Zona-intact ovulated oocytes were pretreated with 15 mM MβCD for 30 min at 37°C to remove cholesterol. Cholesterol repletion was carried out incubating MβCD-treated oocytes with MβCD/Chol complexes. After depletion/repletion treatment, oocytes were washed and incubated with BPY-Chol for 15 min at 37°C. (A) Control, (B) depleted and, (C) depleted/repleted oocytes labeled with BPY-Chol. (D) Fluorescence intensity quantified with ImageJ software. Bars represent the mean ± SEM of 3 independent experiments from a total of 14 control oocytes, 23 depleted oocytes, and 17 depleted/repleted oocytes. Comparison of mean values was performed using Bonferroni test. Different letters (a-b) denote significant differences (P<0.05).

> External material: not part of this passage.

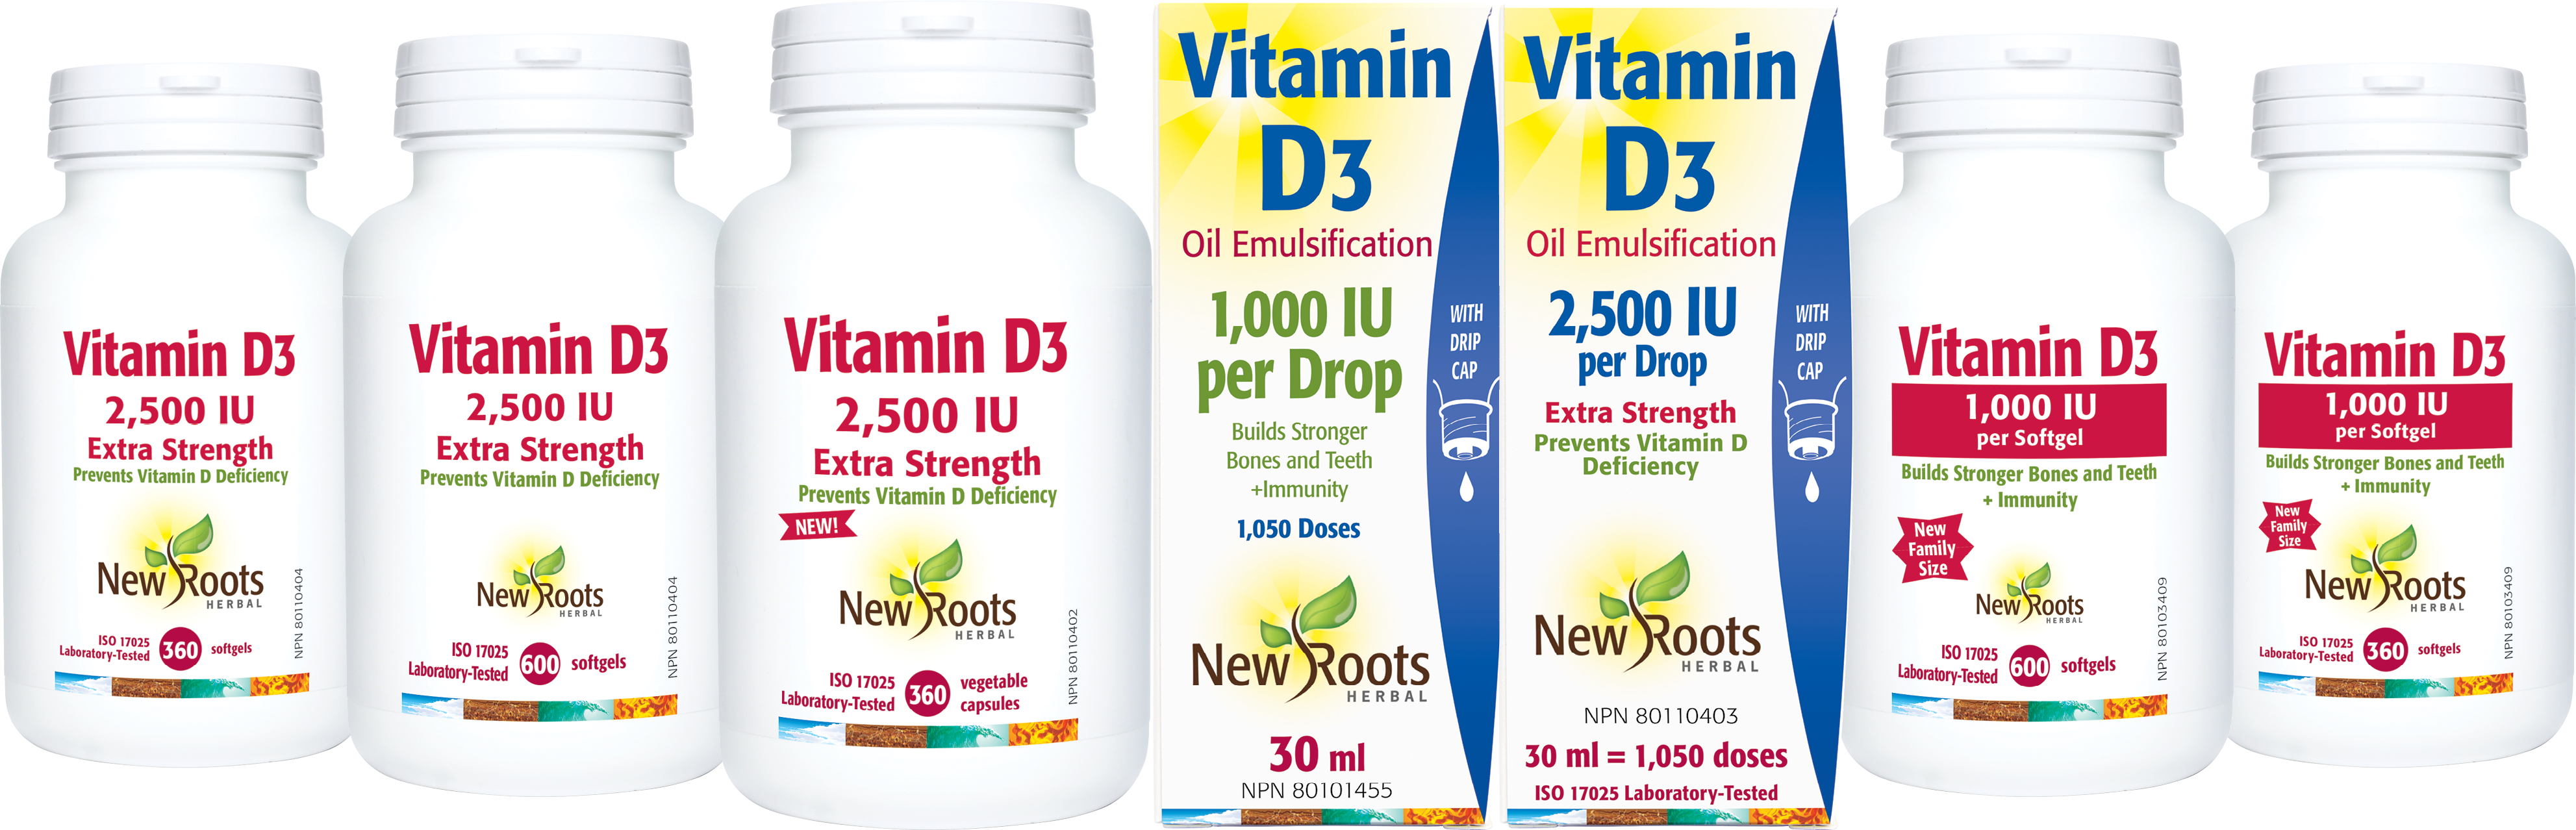 vitamin D3 bottles

Figure 6. Presence of the raft markers GM1, Flotillin-2 and Caveolin-1 in the mouse oocyte.

(A) Plasma membrane localization of the raft marker lipid GM1 assessed by incubation of living oocytes with CTB-AF⁴⁸⁸. (B) Indirect immunofluorescence detection in fixed oocytes and immunoblot detection in whole oocyte lysates of flotillin-2 and (C) caveolin-1. Fluorescence staining was performed in a total of 35 oocytes for GM1, 13 oocytes for flotillin-2 (Flot-2), and 10 oocytes for caveolin-1 (Cav-1). For the Western blots, numbers to the left of each panel indicate the molecular weight of the protein. A total of 120 (Flot-2) and 470 oocytes (Cav-1) were pooled and lysed. 3T3 cell lysates were used as positive controls.

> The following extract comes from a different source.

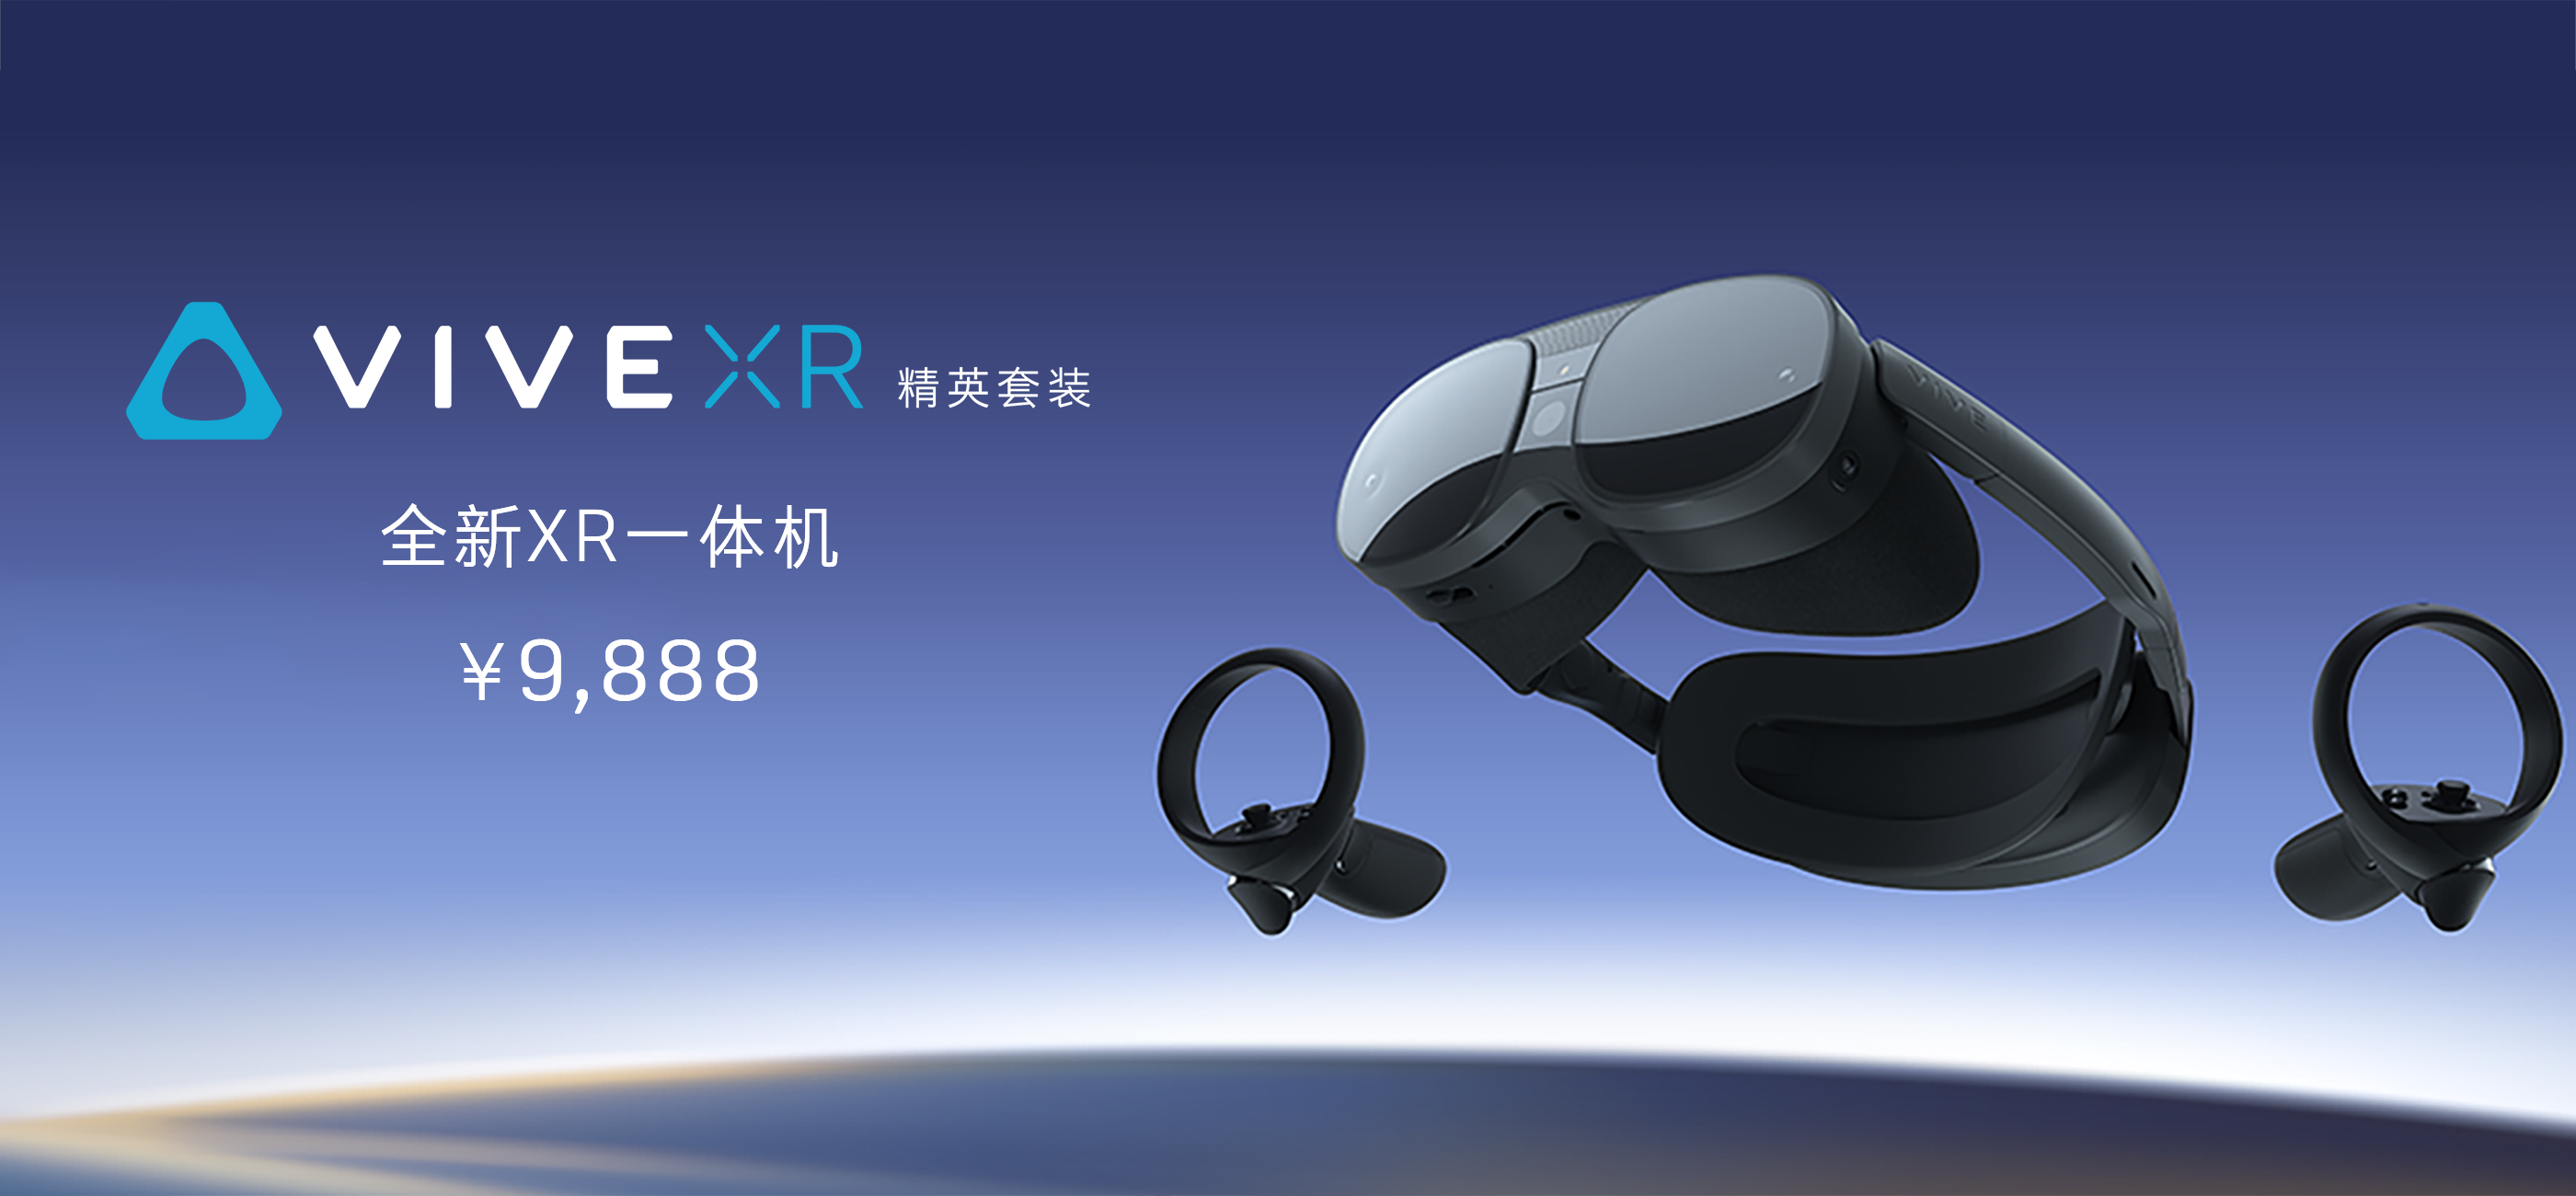 未来之上，前行不止，HTC VIVE 首次推出XR 一体机— VIVE XR 精英套装

Figure 7. Electron micrographs of caveolae-like microdomains in the mouse oocyte.

Ultrastructural plasma membrane with a caveolae-like invagination. OC: Oocyte Cytoplasm; PM: Plasma Membrane; PVS: PeriVitelline Space; C: Caveola; ZP: Zona Pellucida.

Figure 8. Effect of cholesterol depletion on c-Src and CD9 subcellular localization. Src-family kinase role on second polar body extrusion.

(A) Cortex localization of the raft-associated tyrosine kinase c-Srcassessed by indirect immunofluorescence. (B) Cytoplasmic relocation of the c-Src kinase after MβCD treatment. No primary antibody controls were negative. Staining of a total of 14 control oocytes and 6 MβCD-treated oocytes. Within each group, oocytes showed the same staining pattern. (C) Plasma membrane localization of the CD9 tetraspanin, a non-raft protein. (D) CD9 remained at the plasma membrane after MβCD treatment. Staining of a total of 18 control oocytes and 18 MβCD-treated oocytes. In both groups, oocytes showed the same staining pattern. (E) Effect of Src-family kinase inhibition assessed by incubation of oocytes with PP2 on the extrusion of the second polar body (PB). Data represent the mean ± SEM of 3 independent experiments from a total of 77 control oocytes and 85 or 69 oocytes treated with PP2 at 10 or 100 µM, respectively. (F) DAPI-stained images illustrating 1- a blocked telophase, 2- the beginning of the formation of the PB, 3- its almost complete formation, and 4- an extruded PB. Comparison of mean values was performed using Bonferroni test. Different letters (a-b) denote significant differences (P<0.05). *: oocyte chromatin; S: sperm decondensed chromatin; PB: Polar Body.